読者です 読者をやめる 読者になる 読者になる

大学アドミニストレーターを目指す大学職員のブログ

高等教育関連の話題が中心。最近は補助金やIR、SDの話題が中心です

IRと大学職員~自らの経験とSDの観点から~

IR SD

 daigaku23は、業務の一つとして、各種調査の実施・分析・報告も担当しています。プロジェクト型で複数の先生方が担当し事務局として参画する場合もあれば、簡単なアンケートであれば自分で分析・執行部の会議に報告、教学データをアンケートデータとの関連を検証ということも(素人に毛が生えた程度ですが)やっています。

 

 さて、以前ある(調査や統計とはあまり縁のない)教員に「IRはどの学問領域に属するのか」と聞かれたことがあります。その時は、学問領域ではなく、このような研究をしている先生方が取り組まれていますと紹介をしました。社会ではIRとはインベスター・リレーションズ(Investor Relations)を指すかと思いますが、大学関係者では何らかの学問分野であり、研究である。強いて言えば、研究とあるから、「職員が入る余地はない」と考えている教職員もいるかもしれません。

 

 ではIRとは何かというと、手元にあった、中井俊樹・鳥居朋子・藤井都百 篇「大学のIR Q&A」の用語集によれば

「機関の政策立案、政策形成、意思決定を支援するための情報を提供する目的で、高等教育機関の内部で行われる調査研究」とあります。

 

  ただ、様々な大学のIRの取組を見ると、経営・評価・教学・学生支援等、タイプが分かれており、大学の実状に合わせて行っている為多種多様です。そしてセミナー等で大学職員のIRに関する取組も近年は聞くようになりました。

 

さて、IRの本当に入り口にいる私ですが、この1年間、この業務に関わった上でSDとしてやったことを備忘録として書いておきたいと思います。IRの理論書には、IR人材に必要な知識・経験などが記載されていますが、あくまで実務を通しての基本的な事項も書いていますので、経験談としてお読み下さい。

 

①学内の情報の整理

 学内に何の情報がどこにあるかの整理、そしてどの情報が重複しているかの把握

②データベースの作成

 エクセル・アクセス・その他データベースソフトによるデータベースの作成

③調査法についての学習

 あるところに、科目等履修生として学習

統計学(基礎)の学習

 調査法と一緒に学んだことも多いですが、今まで統計学に縁のなかった私には

 理解するのが一番大変でした。(特にお世話になったのは、漫画とライトノベル風の

 統計学の入門書)

⑤教員への相談

 統計学や調査に詳しい若手の教員に、調査の設計や分析方法まで。

⑥理解しやすい図表等の作成のノウハウ

 最近のオフィスは、グラフとかもテンプレートで見やすく分かりやすいものが

 すぐに出来ます。しかし本学はつい先日までXPだった為、グラフなども一から作る

 必要がありました。

 IRのライフサイクルに、レポーティングと並んでプレゼンテーションも含まれてい ます。(参考 リチャード・D・ハワード篇「IR実践ハンドブック)

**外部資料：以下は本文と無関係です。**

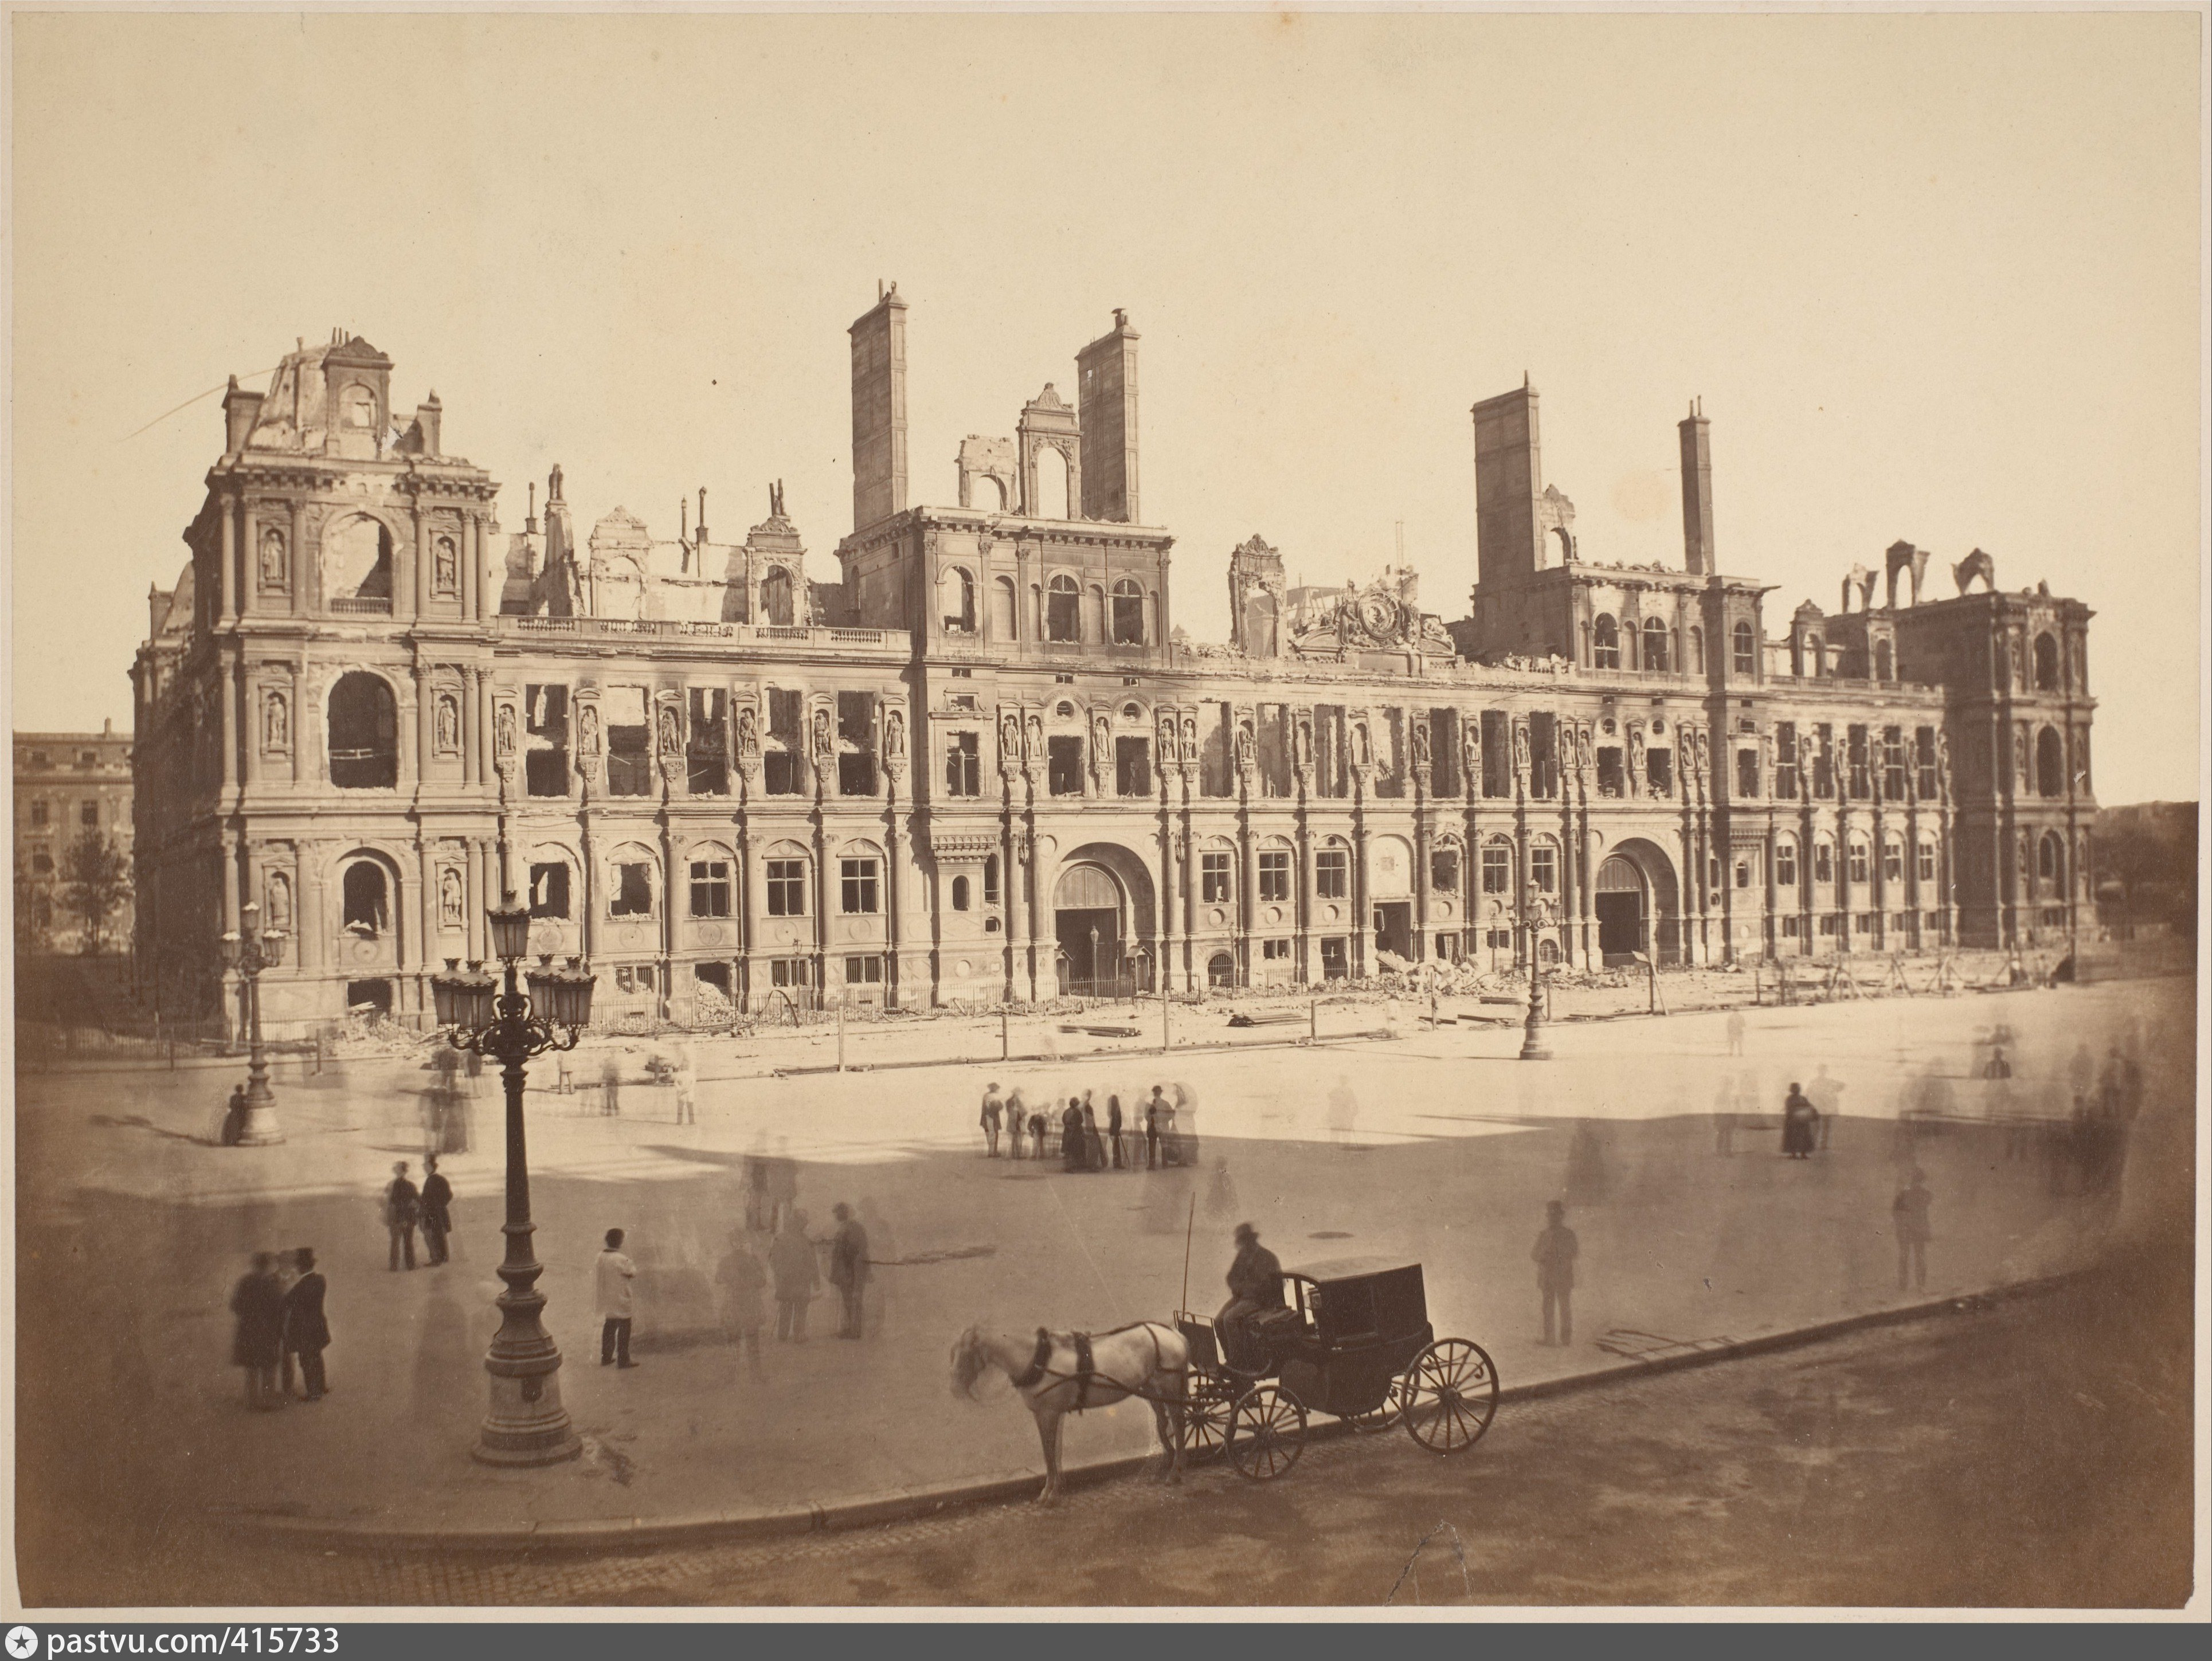 Франция 18 19 веков. Отель-де-Виль Париж 1871. Дворец Тюильри в Париже 18 век. Отель де Виль Париж Франция до 1871 года. Лувр 19 век.
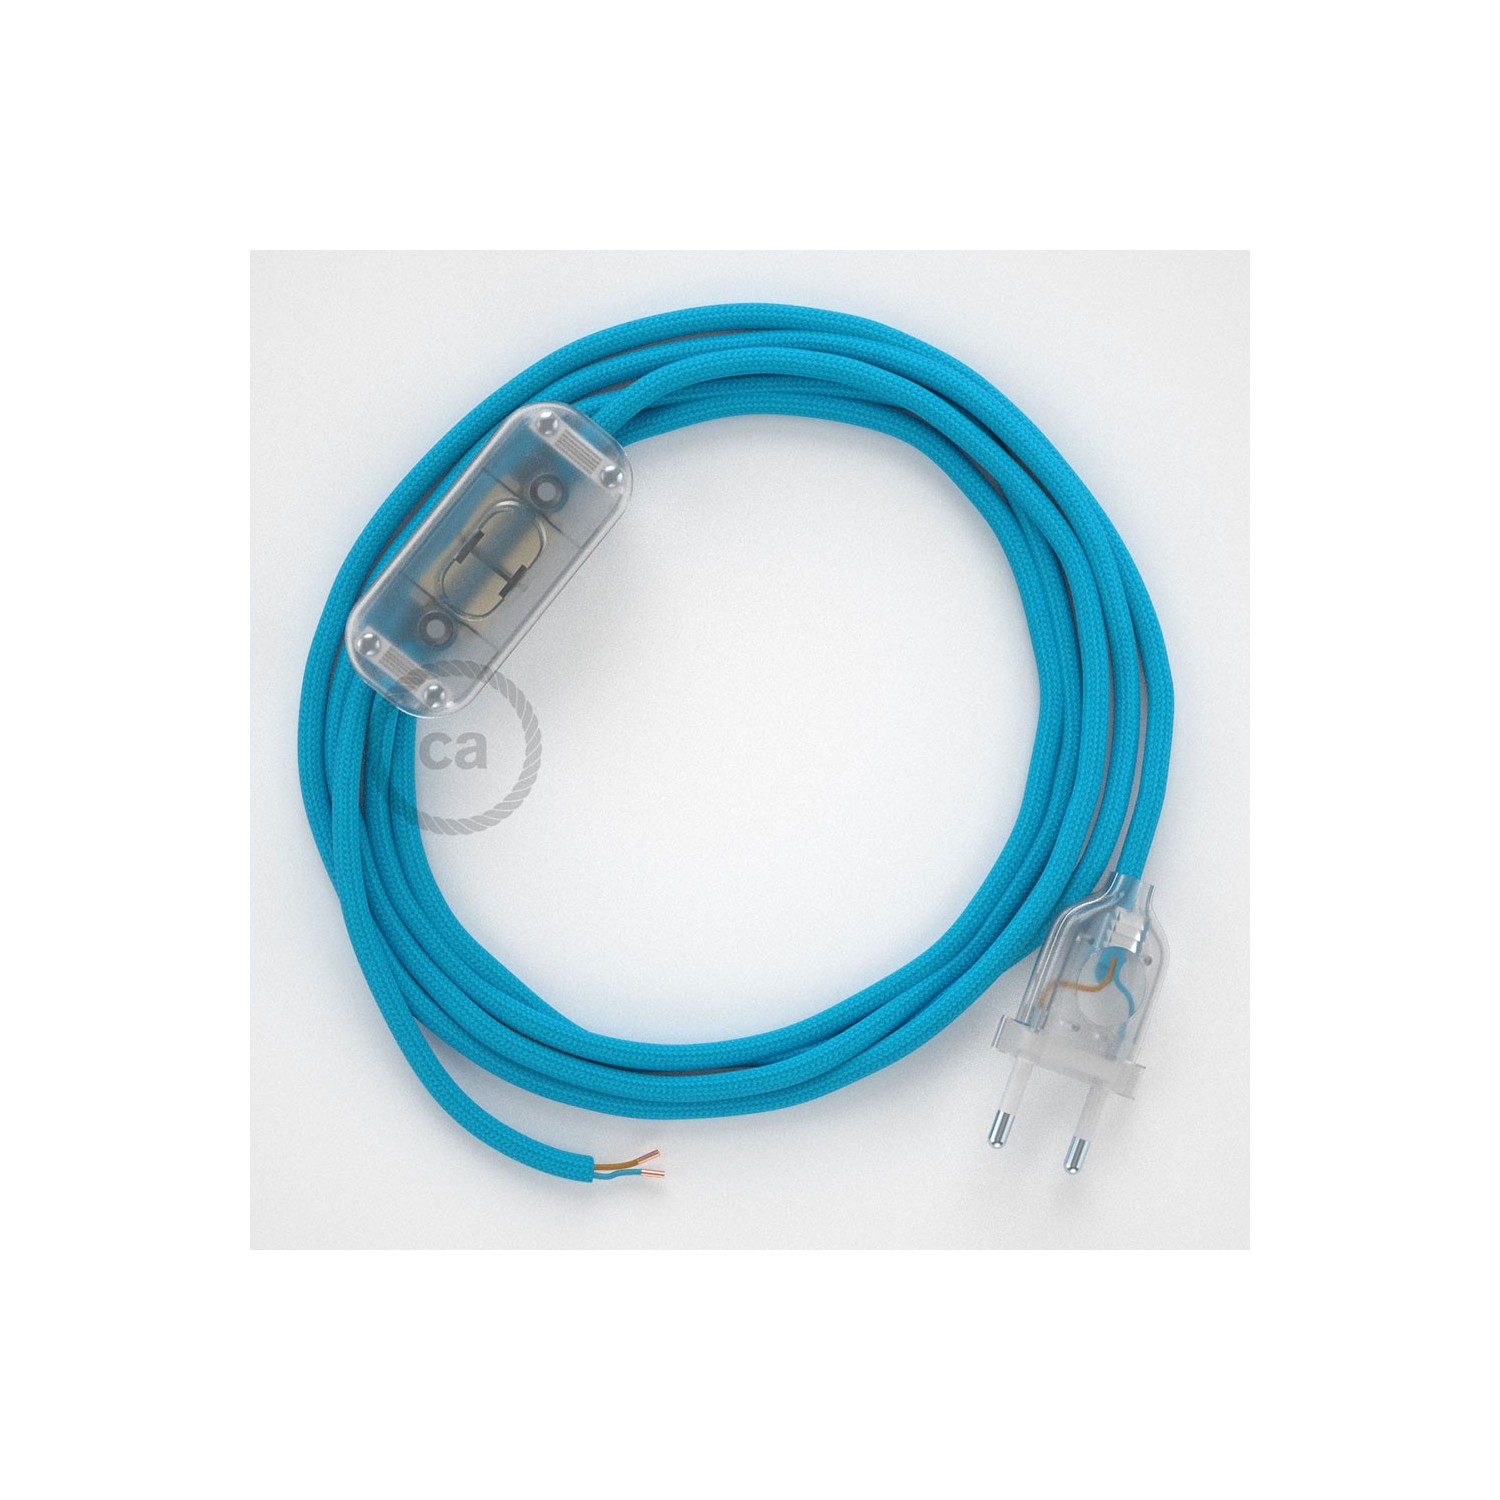 Cableado para lámpara, cable RM11 Efecto Seda Celeste 1,8m. Elige tu el color de la clavija y del interruptor!

 特に機関の意思決定をする会議等に出す資料(報告書)は、年配の理事や教職員もい るので、特に分かりやすい報告が必要です。

⑦各種IRに関するセミナーの参加

 幸いなことに、所属部署の予算や外部資金を使って、地方で参加しているのも参加す る機会をいただけました。

 

(ここまで書いてみて、実は、学内のリソース(資源)で賄えるものがあるのではないかと思いますが、それには学内の制度や組織改革が必要です。(情報関連の教員、統計学や調査に見識のある教員、そして関連する大学内の科目など))

 

思いつくままに書き並べてみましたが、大学職員が、IR(自分の場合は特に調査の分析・報告、教学データとの統合による調査)を行う場合は、統計学や調査法などの基礎の知識を身につけ、教員と話ができる土台を身につける必要があると思います。(「相関値を出して」と言われ、それも分からないようだと話にはならないですよね。)